O MP da Paraíba também demonstra que não é, de modo algum, insensível ao apelo midiático – custe o que custar, inclusive a credibilidade.

Exemplo?

Ano passado, procuradores aparentemente muito bem intencionados alimentaram na população da Borborema – pasmem – o medo de voltar a consumir água regularmente.

Pregaram o risco extremo da antecipação do fim do racionamento proposto pelo Governo do Estado.

O discurso foi usado, claro, à exaustão pelos adversários políticos do governador Ricardo Coutinho.

Disseminaram, entre outras lorotas, que os campinenses iriam consumir água contaminada. E que a alegria duraria pouco com conseqüências ainda mais duradouras.

O Boqueirão seria estrangulado; a população conheceria, de forma mais aguda, o que vem ser a sede.

Sem dados técnicos, alimentando o viés político que tudo tece na Paraíba, o MP deu seu show.

E nem teve a humildade de, meses depois, com o Boqueirão em contínuo acumulo de água a despeito do fim do racionamento, de pedir desculpas a população que aterrorizou.

Em uma solenidade recente, um dos procuradores confidenciou, pé de orelha, a um gestor do Estado:

– Não teria havido problema algum se vocês tivessem nos convidado para anunciar a suspensão do racionamento juntos!

O Estado não dividiu os holofotes. E foi assombrado pelos fantasmas dessa ópera jurídica bufa.

Essa é uma compulsão que, definitivamente, o MP parece ter dificuldade de controlar.

Ensaia, agora, mais uma vez, subir na ribalta em relação ao suposto “desvio” de águas do Rio Paraíba para abastecer o agreste pernambucano.

As alegações do MP são tão pueris que só podem partir de quem sequer conhece os termos do acordo feito entre Paraíba e Pernambuco.

Pior: demonstram que alguns de seus integrantes não têm noção rasa das regras de gestão da transposição.

Vão, pelo andar da carruagem, fazer novas pregações apocalípticas – e, quem sabe, disseminar ódio contra os sedentos do agreste pernambucano.

Que haverão de minar o Paraíba; que haverão de jogar a pá de cal no Boqueirão.

Uma das queixas do MP é que o Estado não pediu – a ele, Ministério Público – autorização para levar adiante o acordo com Pernambuco.

Demonstram, dessa forma, que a crise existencial realmente é aguda – extrapolando, inclusive, o ofício do MP.

Cegos pelas muitas luzes da ribalta, conduzem o MP a uma seara sombria. Onde correm o risco de apagar o papel histórico, e estratégico, do Ministério Público.

Em tempo:

Aos que vão ser metralhados por essa combinação de holofotomania e baixo conhecimento técnico, eis alguns dados do acordo PB-PE.

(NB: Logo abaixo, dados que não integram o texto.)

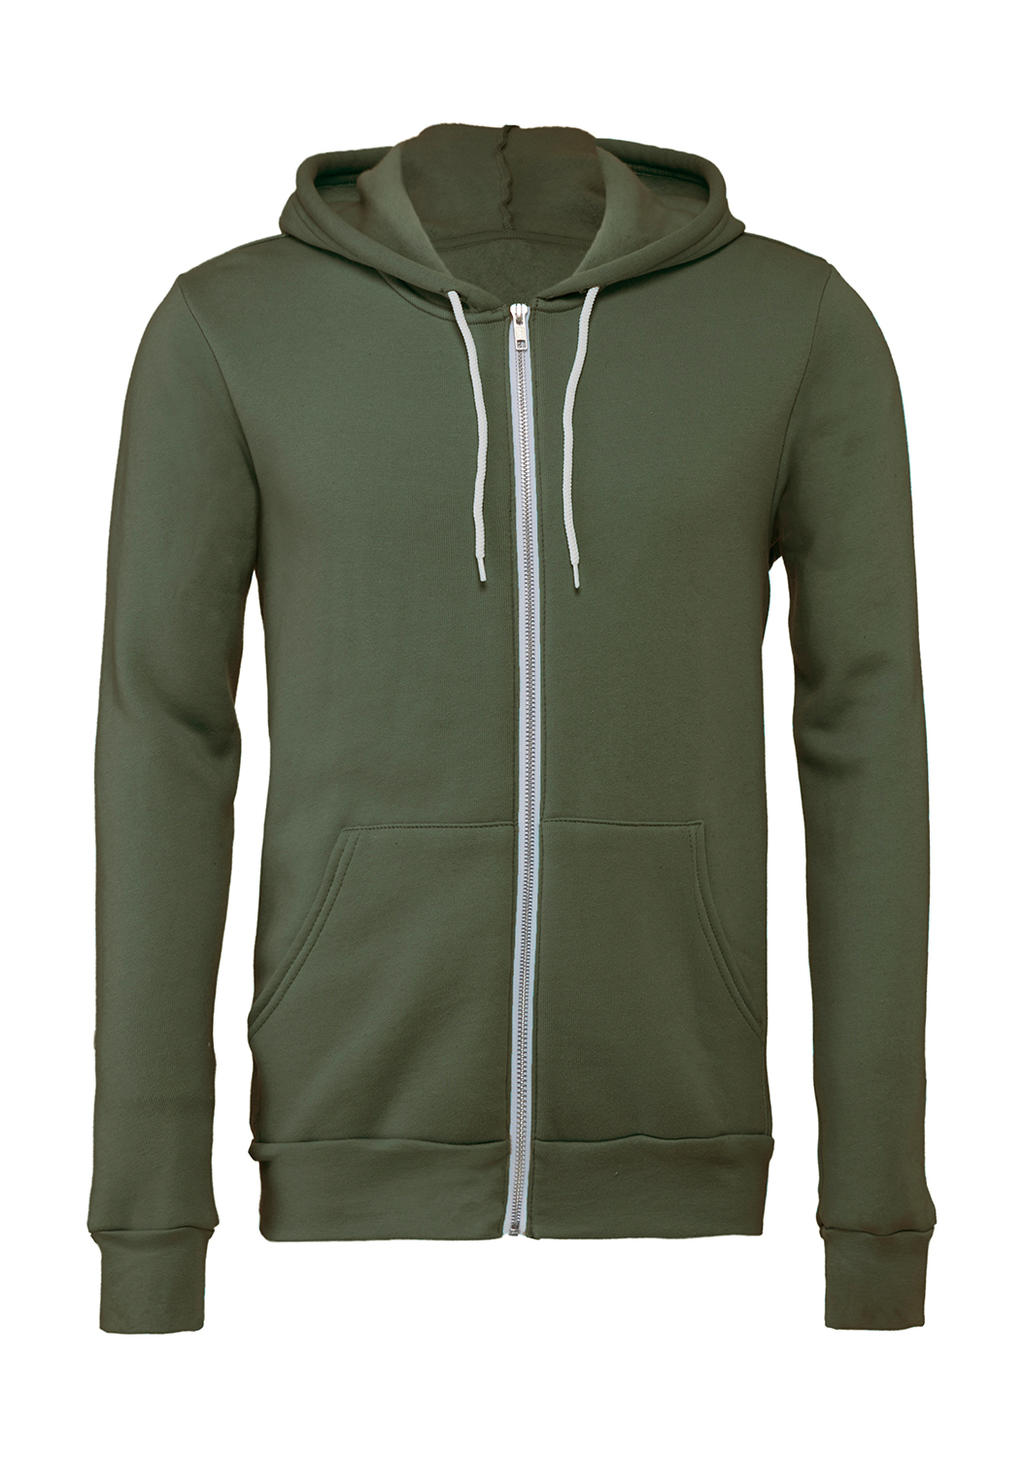  Unisex Poly-Cotton Full Zip Hoodie in Farbe Military Green

Os 0,5% de água que serão extraídos pela adutora pernambucana serão devolvidos lá em Monteiro, aumentando a vazão da transposição destinada à Paraíba: os 5,95% m3/s atuais subirão para 6,00 m3/s assim que a adutora estiver em operação, em meados de 2019.

Nesse meio tempo, o Governo de Pernambuco contratará mão de obra paraibana e fará circular, aqui, os 80 milhões de reais da obra.